[Data provided]:
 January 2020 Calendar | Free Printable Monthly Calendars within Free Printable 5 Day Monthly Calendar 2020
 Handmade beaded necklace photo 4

--

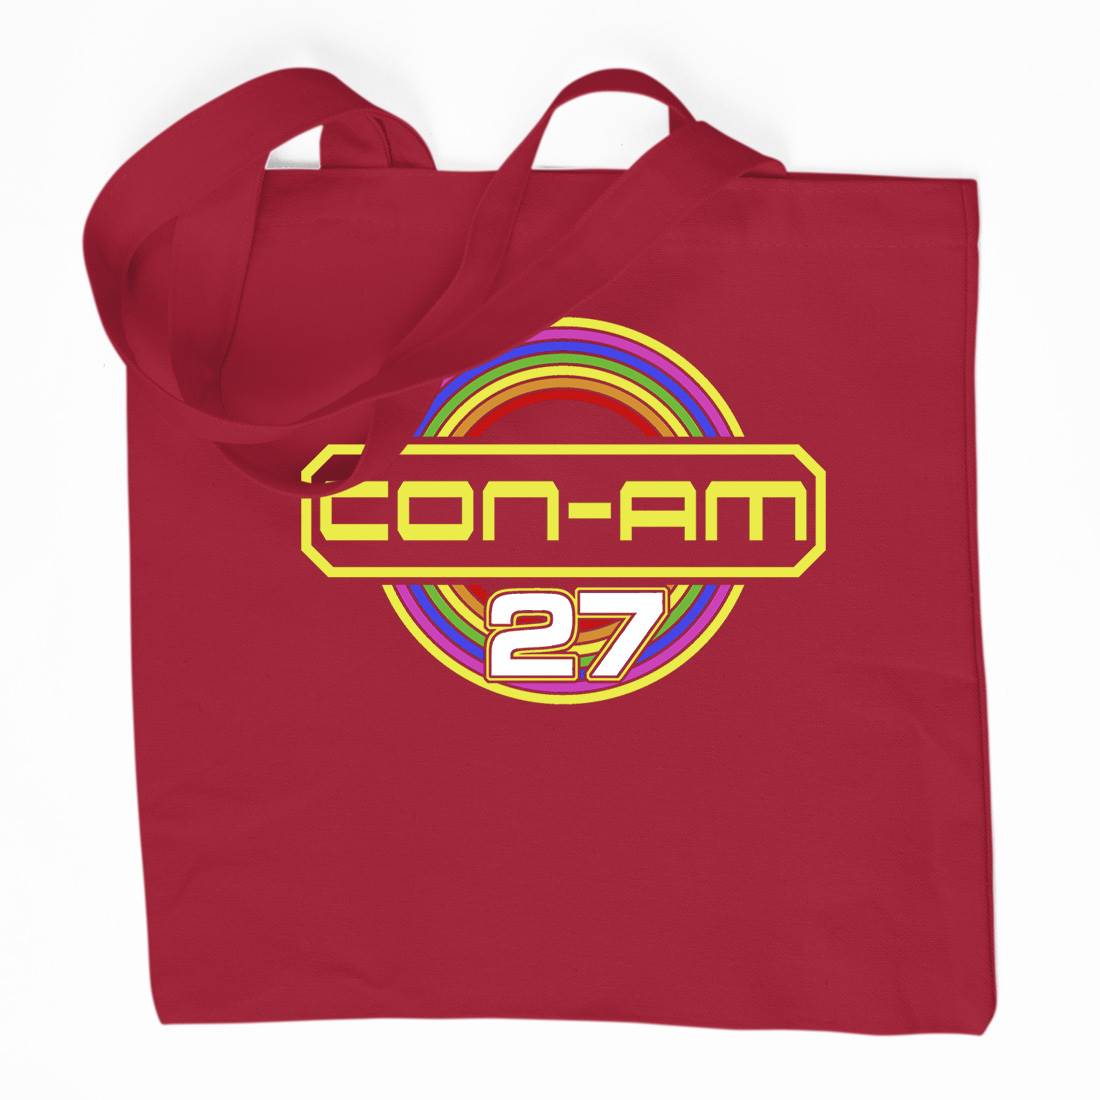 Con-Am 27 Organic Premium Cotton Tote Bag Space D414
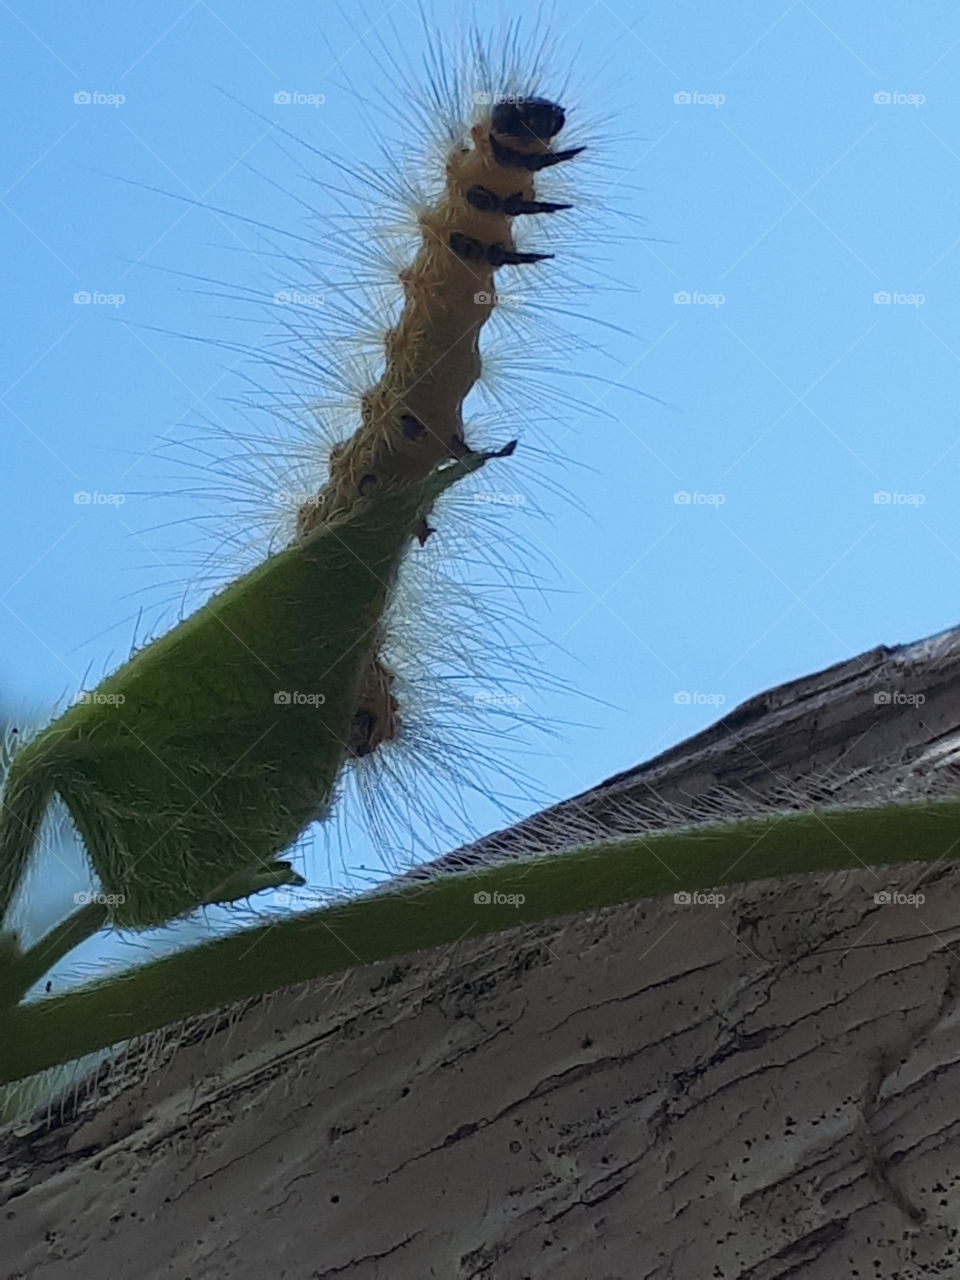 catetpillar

[Problem statement]:
For this exercise, please output exactly the lines above starting at the line with "January 2020 Calendar" and ending at the line with "Handmade beaded necklace photo 4", ends included.

[Result below]:
 January 2020 Calendar | Free Printable Monthly Calendars within Free Printable 5 Day Monthly Calendar 2020
 Handmade beaded necklace photo 4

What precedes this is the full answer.